Since the early days of post-Franco Spain, most pueblos across the country have an Asociación de Mujeres which is supported by the local Ayuntamiento. Each association has its own particular characteristics and projects but the over-riding focus is to nurture the solidarity of women within a society that still has one of the highest rates of domestic violence in Europe. As an increasing number of women join the work force, they also have to find the balance between holding down a job and maintaining the more traditional roles. Running a household and meeting the demands of having children are both areas of life that are still predominantly covered by women.
Clearly these Associations have an important role to fulfil. Arantza Puente, a yoga teacher from the Basque country, is the President of the Órgiva Asociación de Mujeres. This particular group deals with a very diverse community of women and that means catering for a variety of different needs. Órgiva, in the Alpujarras, has a large international population of women and is the home to many different religions and spiritual movements. Naturally there is also a strong local community whose roots in the area go back many generations.
The Órgiva Association works hard to embrace this diversity and meet the resulting challenges. “Our differences are enriching and we take advantage of our cultural diversity,” says Arantza.
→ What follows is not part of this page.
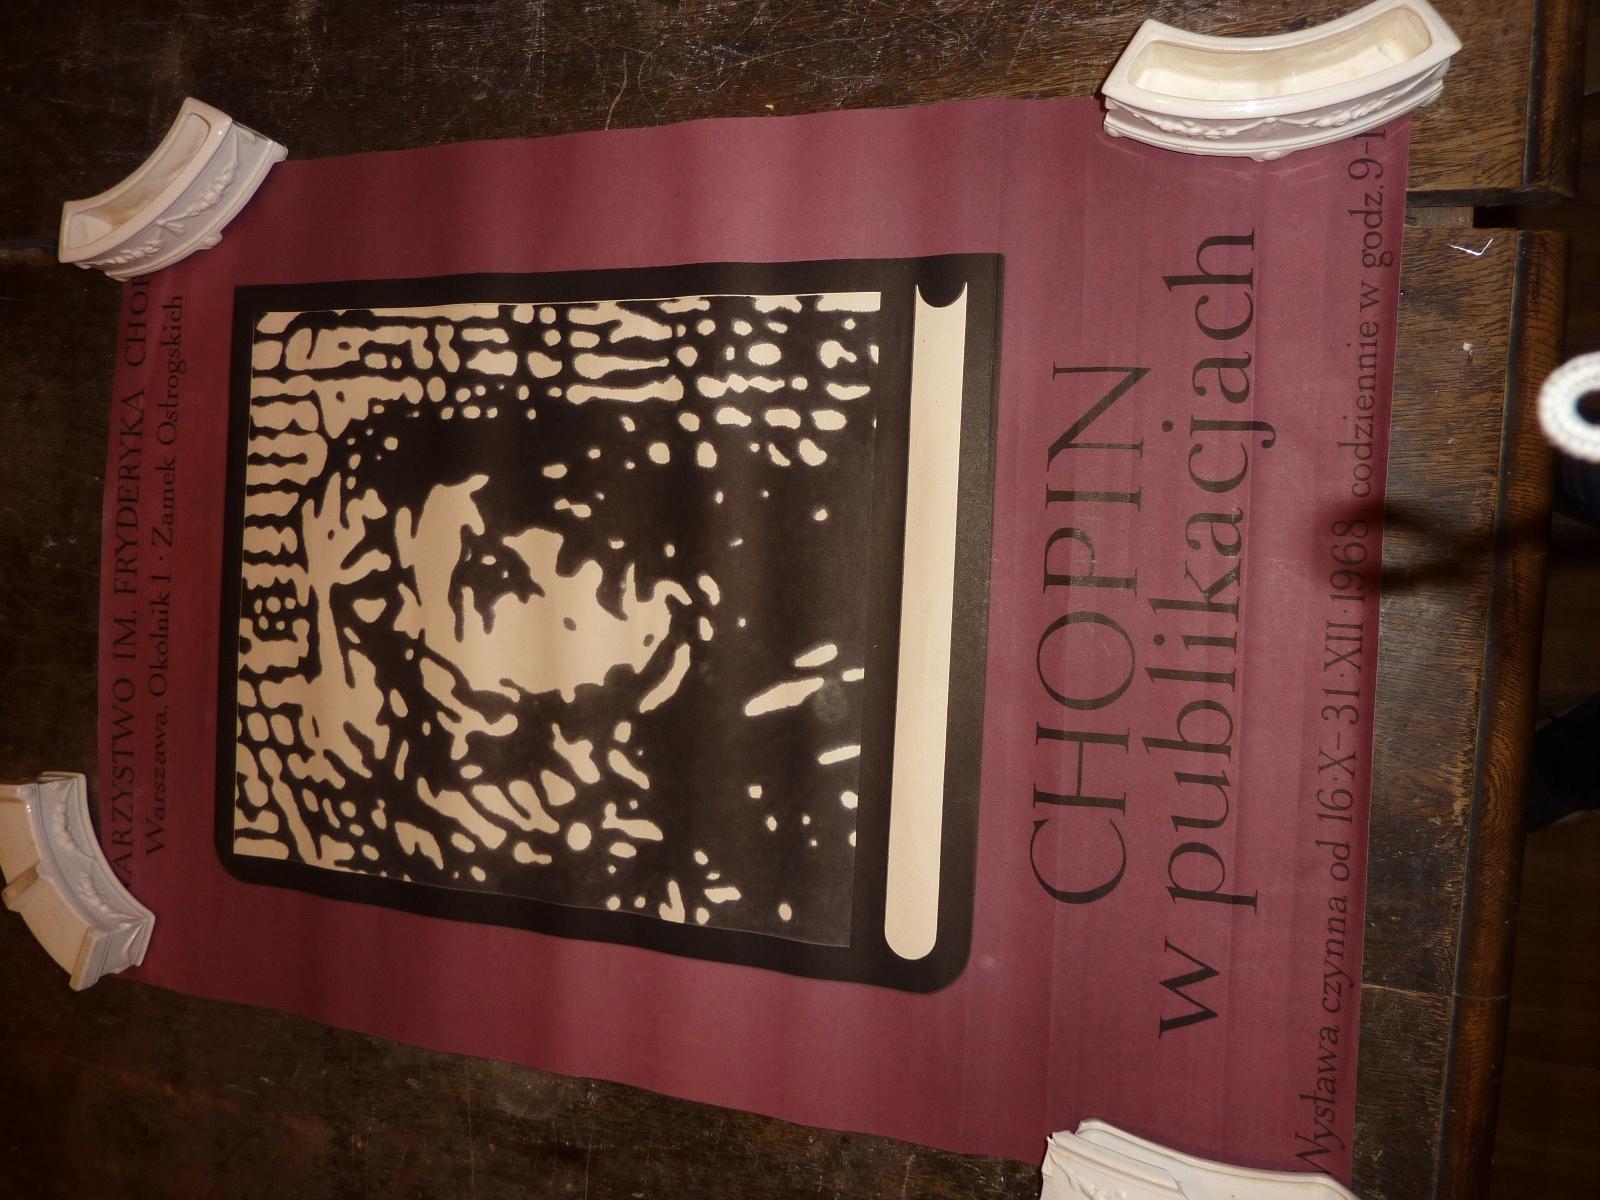 CHOPIN W PUBLIKACJACH 1968
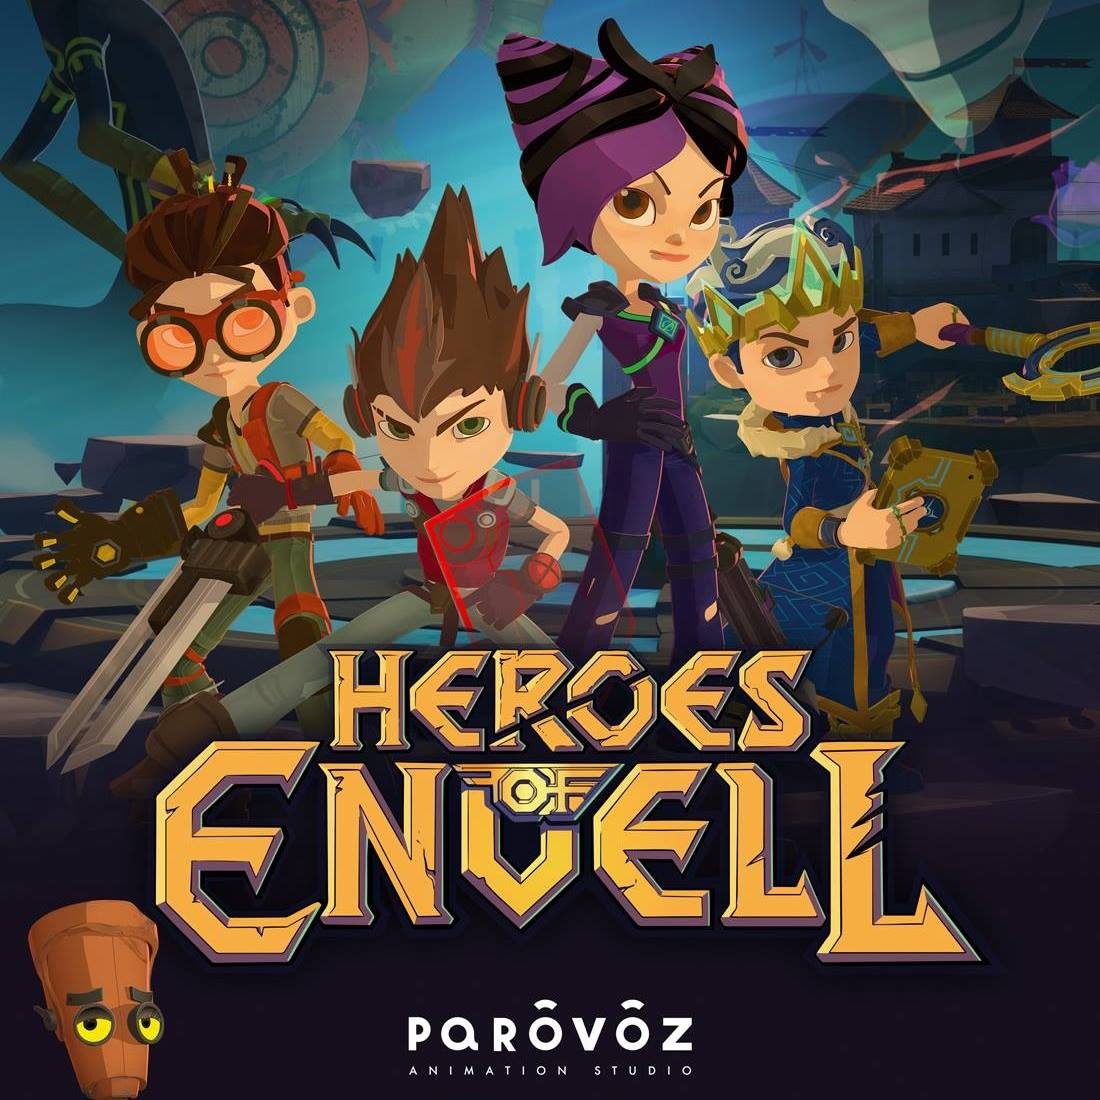 Los héroes de Envell

This is reflected by the events and projects that the 130 members organise. The women run a second hand shop, which helps to fund projects and raises money for chosen charities. Available courses and events include reflexology, monthly alternative film screenings, a book club and self-esteem classes. Arantza says that the Association always strives to employ women to share their skills. The Association recently backed a local bi-lingual production of Eve Ensler’s, ‘The Vagina Monologues,’ which demonstrates their conscious effort to embrace the linguistic and cultural diversity in the area.
In addition to these social activities the Association take an active role in the campaign of Zero Tolerance of violence against women. In 2006 at least 60 women died in domestic violence incidents in Spain. The women’s Association hang banners saying; ‘no more death’ from the Ayuntamiento every time a woman is killed, in order to make sure this atrocity doesn’t go unnoticed. They are also one of the first associations to run a women’s refuge, which can house up to 5 women and their children at a time. Arantza comments that domestic violence is still rife within Andalucía and is still very much kept behind closed doors. The Association aims to raise awareness around this important issue and to offer women other options, support and advice. On the 25th November last year there was a national day for highlighting the issue of violence against women and the association ran workshops, provided legal advice and gave out 60 plants to be cared for by different members to represent each of the women who died at the hands of a violent man in 2006.
On a lighter note, the Association has recently published a book called, ‘A Tus Plantas: Alpujarras’, a fully illustrated guide to the herbs and wild flowers of the Alpujarra. 75% of the money raised from sales goes to charities that support women’s rights and issues.
Arantza acknowledges that the association has its limitations but that it is a constant work in progress and is changing and growing all the time. She reiterates the point that all are welcome to come and participate and continue to create an effective and strong Association that can empower women and fulfil its desire to strengthen solidarity.
To contact the Asociación de Mujeres visit their shop which is open every Thursday in Órgiva: c/ Tonia, 12 or contact Arantza: 669 670 453.
BEING A WOMAN
Women got the vote in 1931.
Under Franco domestic violence was not a recognized crime.
Divorce was illegal until 1981.
Abortion was finally legalized in 1991.
In 2005 there were 1,900 reports of women being attacked by husbands or boyfriends.
In December 2004 the ‘Gender Violence’ Law finally passed through parliament – this law aims to assist and protect victims of domestic violence and introduces measures to prosecute and punish offenders.
Zapatero, domestic violence levels are "Spain’s worst shame."
Women’s movements repeatedly report that many hundreds of women are let down every year by systems that are meant to protect and support women. A majority of the 60 women who were killed in 2006 had tried to get help.
Women on the board of directors in Spanish companies is not even 2%
Women are more likely to have a temporary work contract than men and are still paid less than men for
the same jobs.
Zapatero had the first ever female deputy prime minister.